**Try it**
Print the lines from the one containing "OmySalon BC1202 Classical" through the end of the listing below, exactly as written. Any pictures stay out.

**Given data**
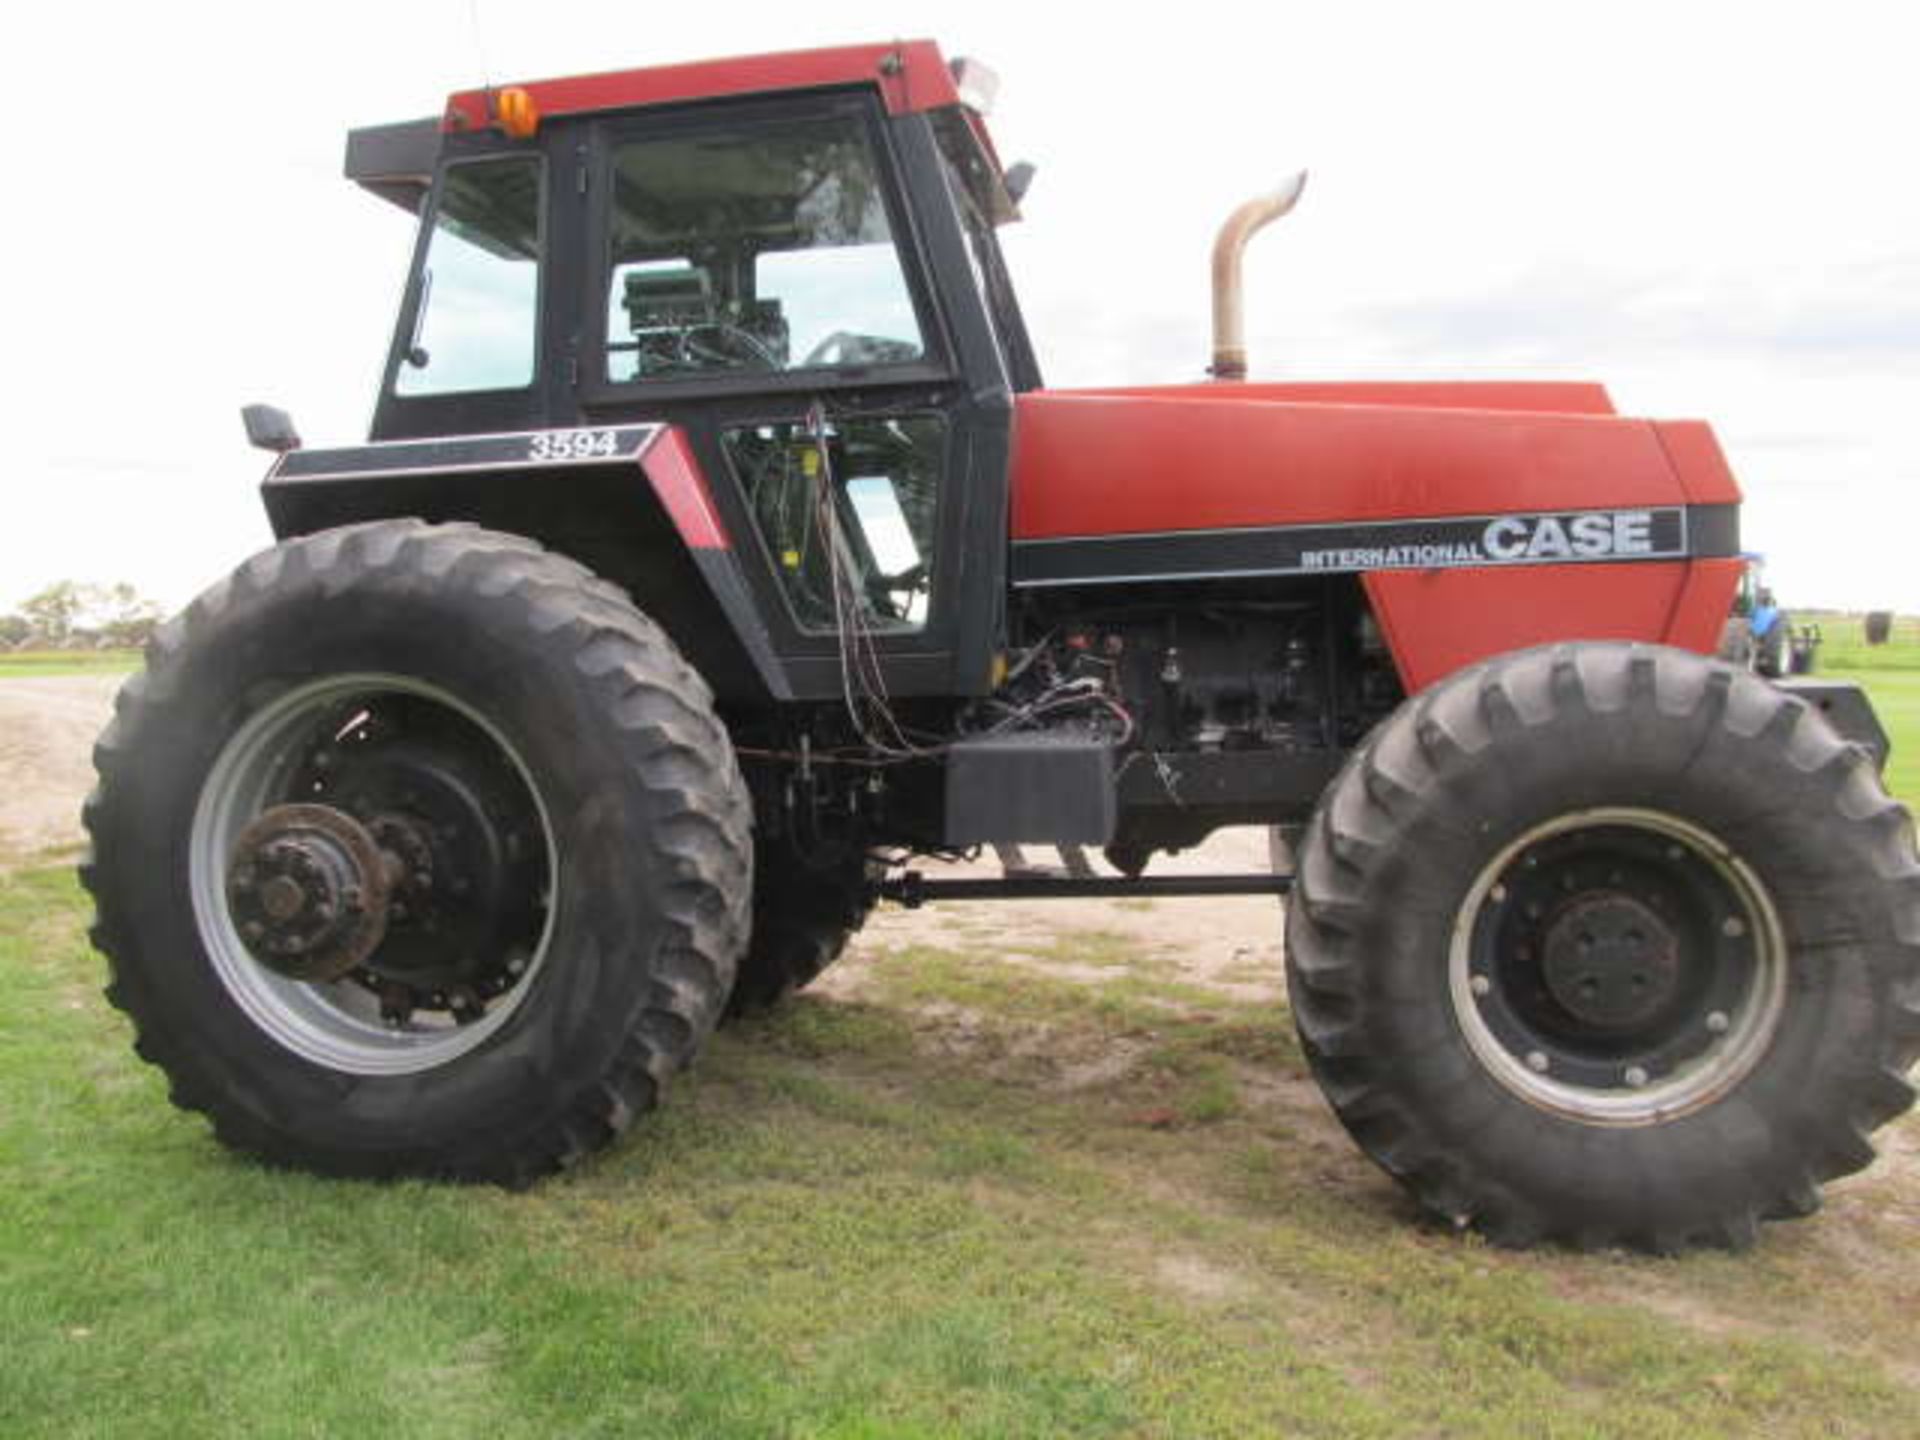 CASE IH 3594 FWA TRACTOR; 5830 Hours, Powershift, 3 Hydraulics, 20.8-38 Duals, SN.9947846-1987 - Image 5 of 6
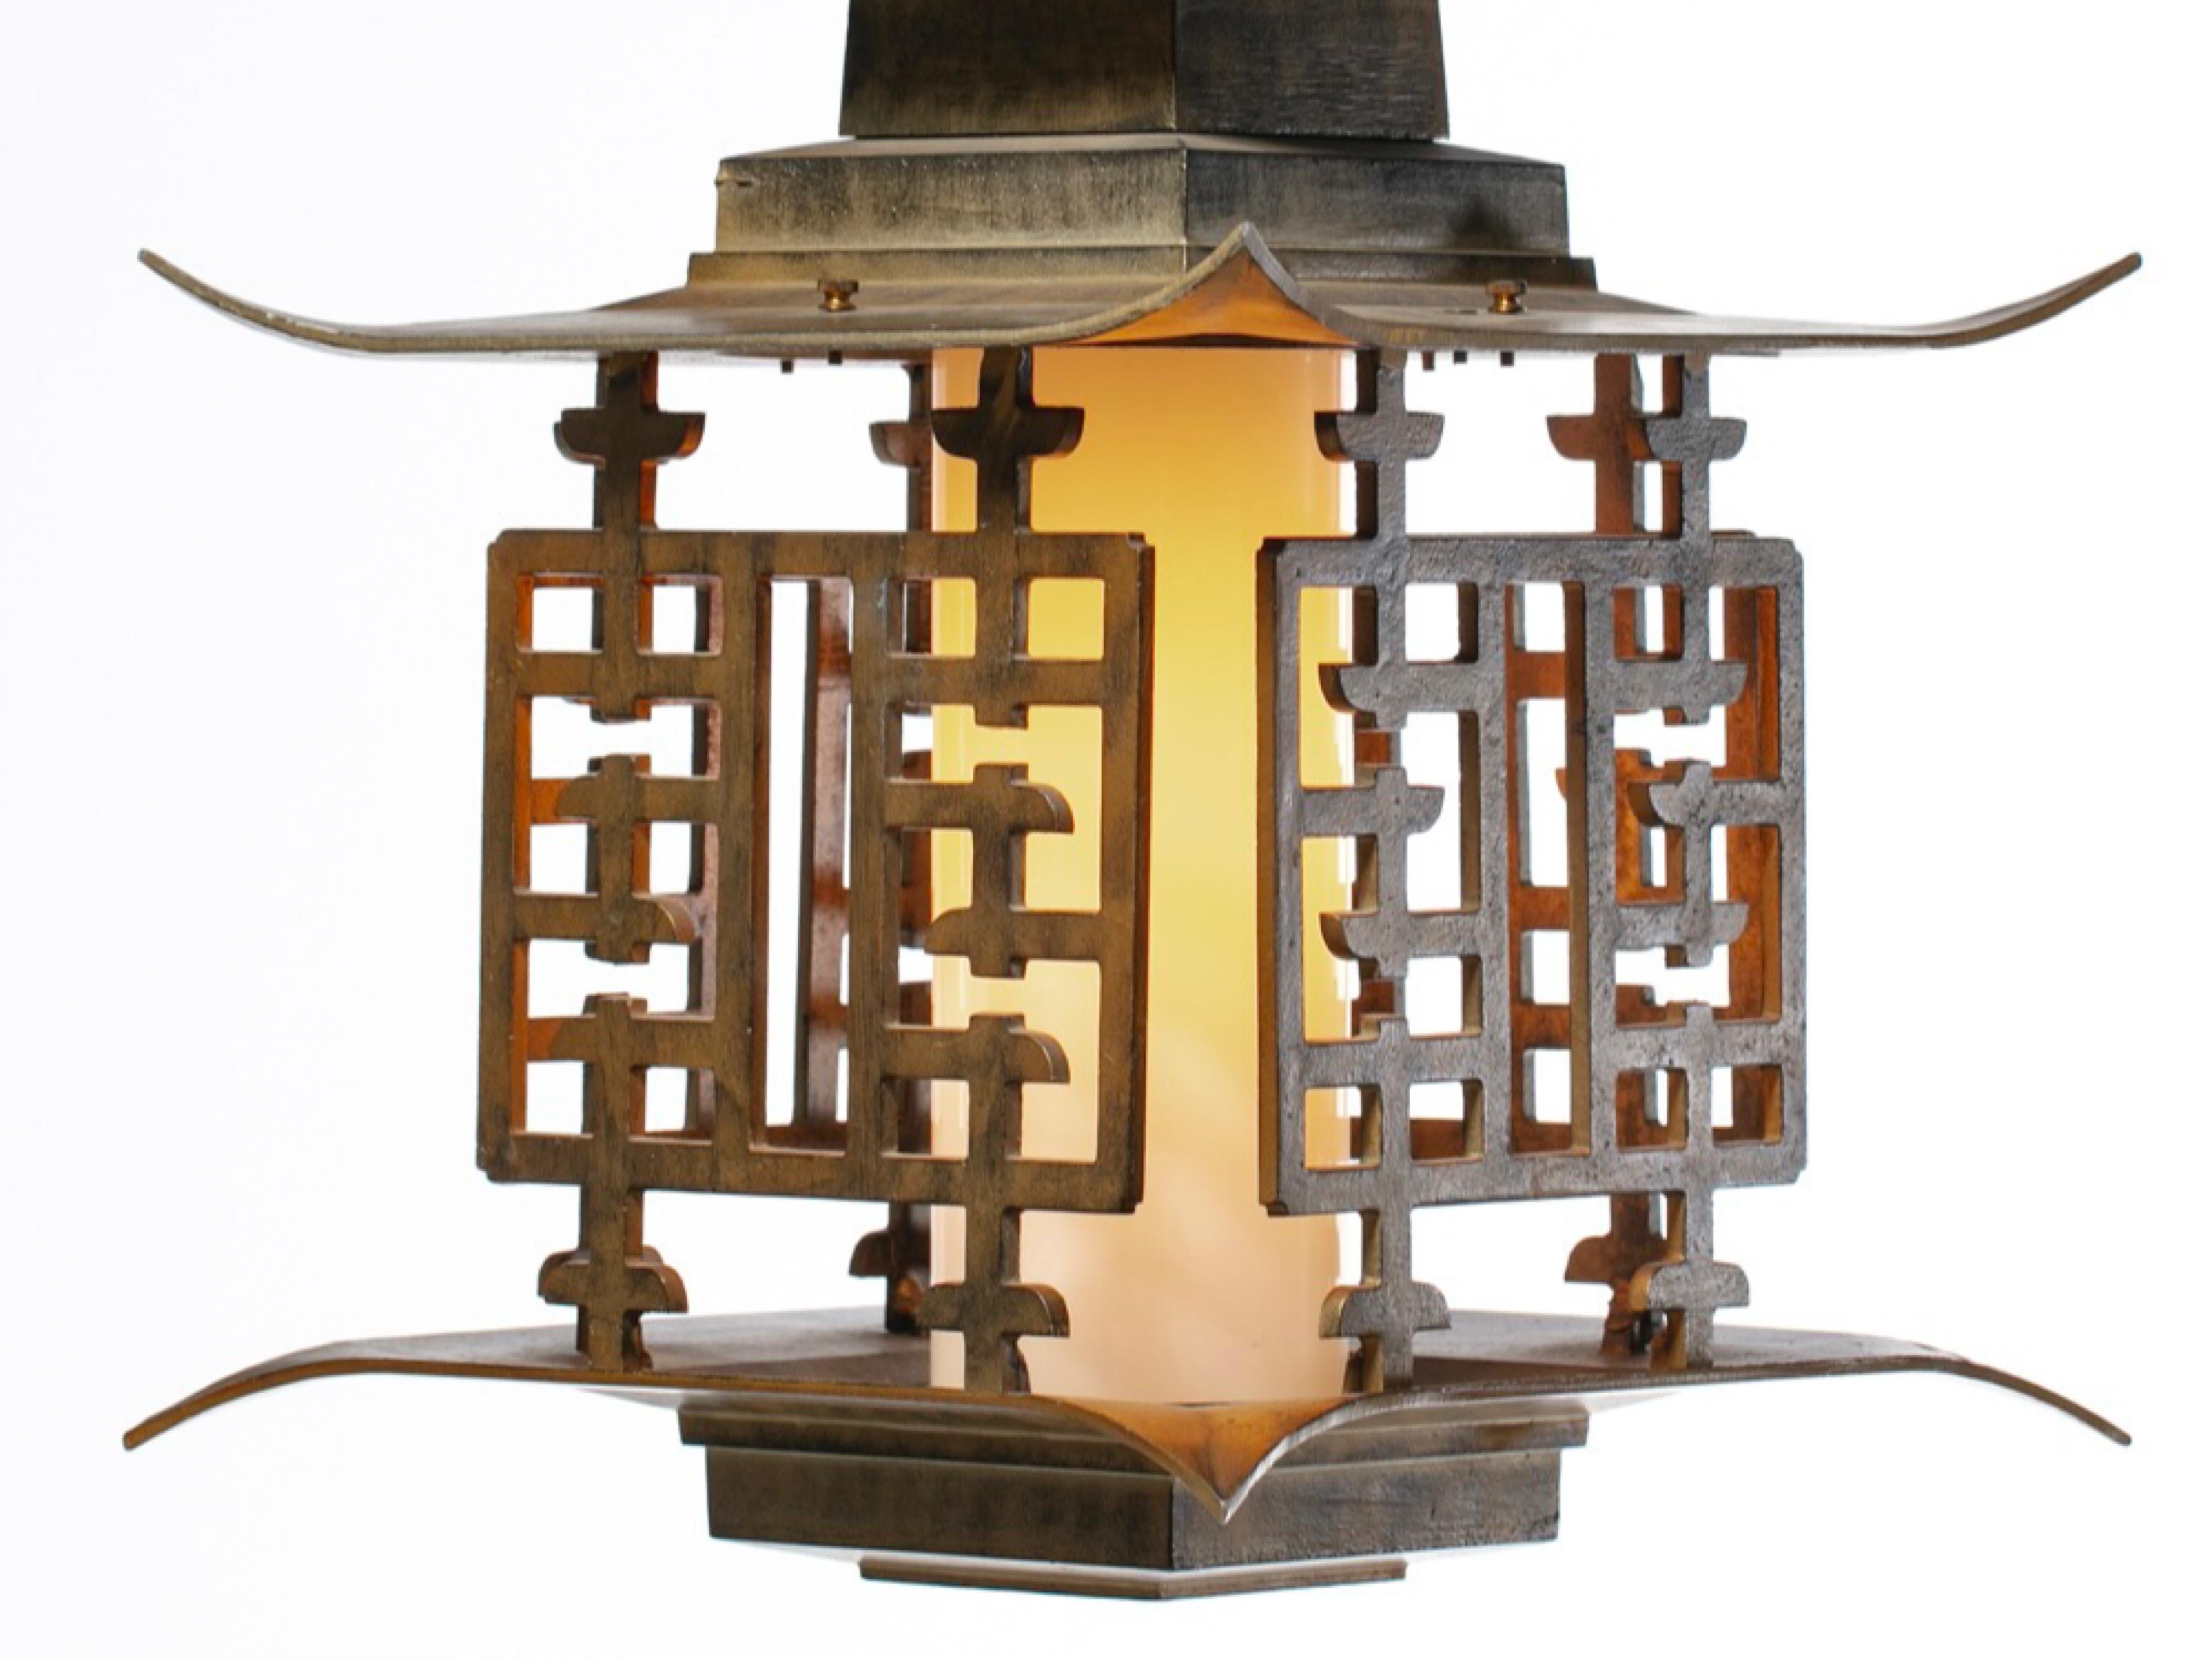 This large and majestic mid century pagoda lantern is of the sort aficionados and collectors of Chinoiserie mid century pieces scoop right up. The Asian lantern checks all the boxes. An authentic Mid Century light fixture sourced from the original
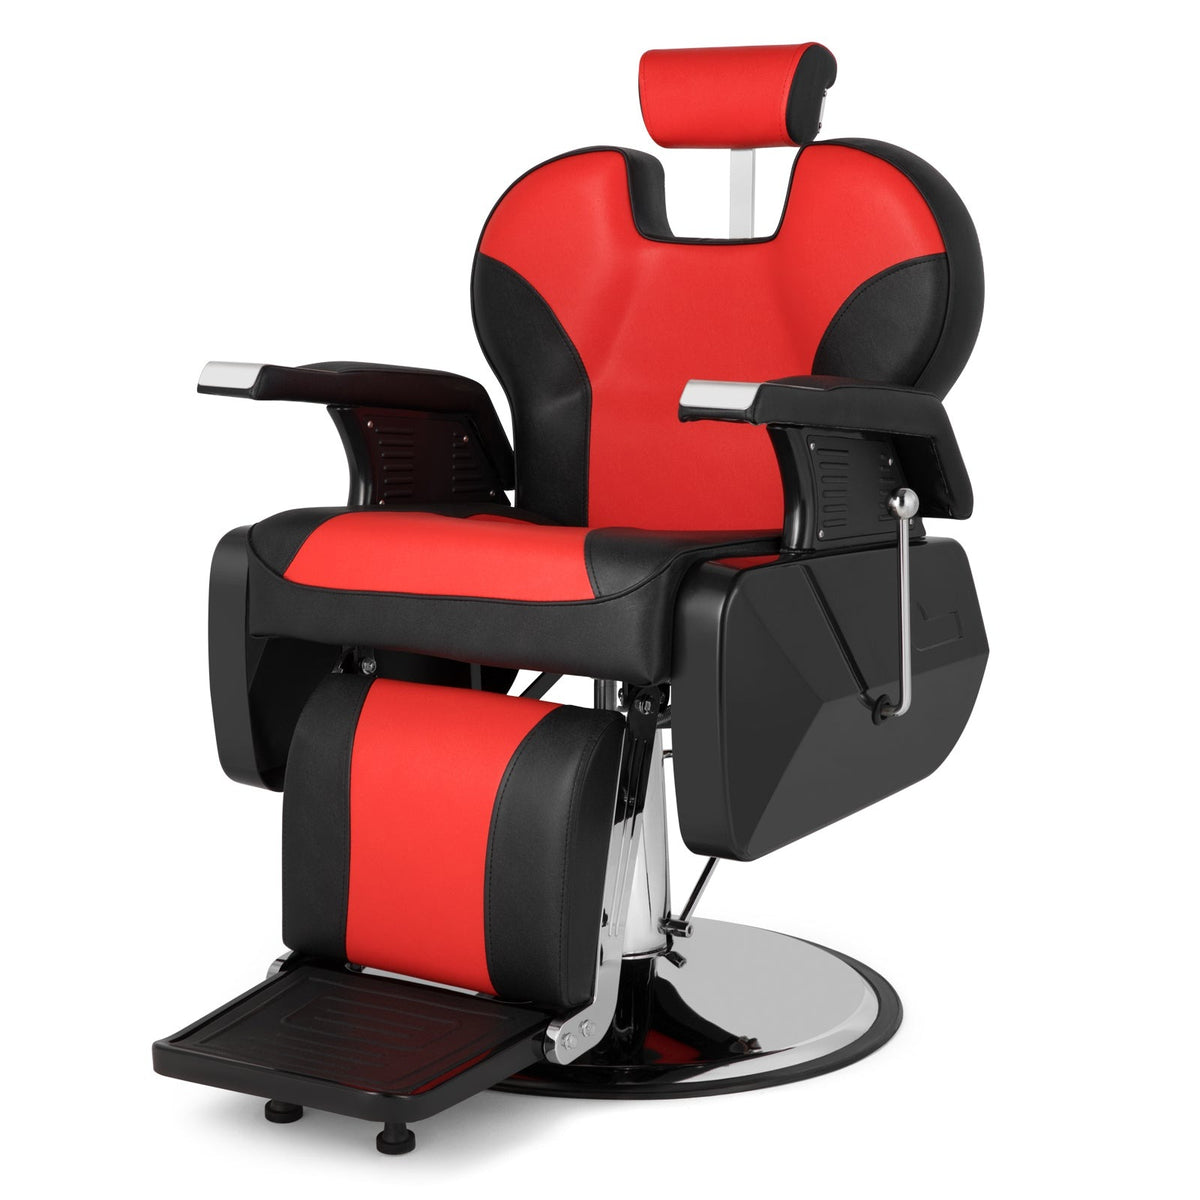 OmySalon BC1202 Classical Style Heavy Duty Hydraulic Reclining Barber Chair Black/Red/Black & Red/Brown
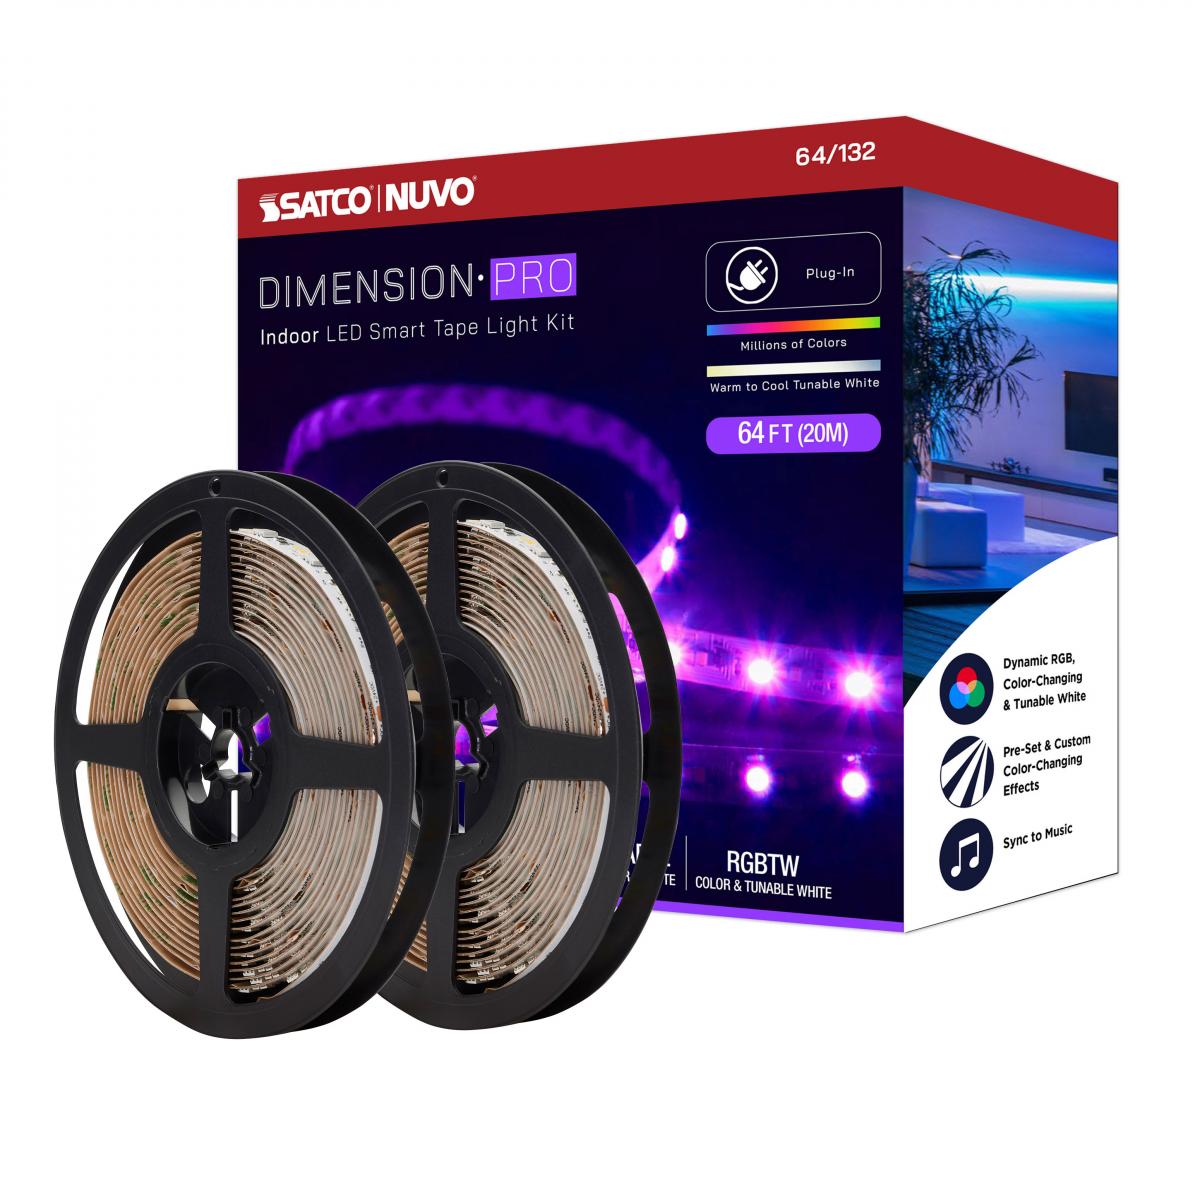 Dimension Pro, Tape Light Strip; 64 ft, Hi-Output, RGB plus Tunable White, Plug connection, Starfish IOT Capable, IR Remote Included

**Response for this exercise**
 OmySalon BC1202 Classical Style Heavy Duty Hydraulic Reclining Barber Chair Black/Red/Black & Red/Brown
 Dimension Pro, Tape Light Strip; 64 ft, Hi-Output, RGB plus Tunable White, Plug connection, Starfish IOT Capable, IR Remote Included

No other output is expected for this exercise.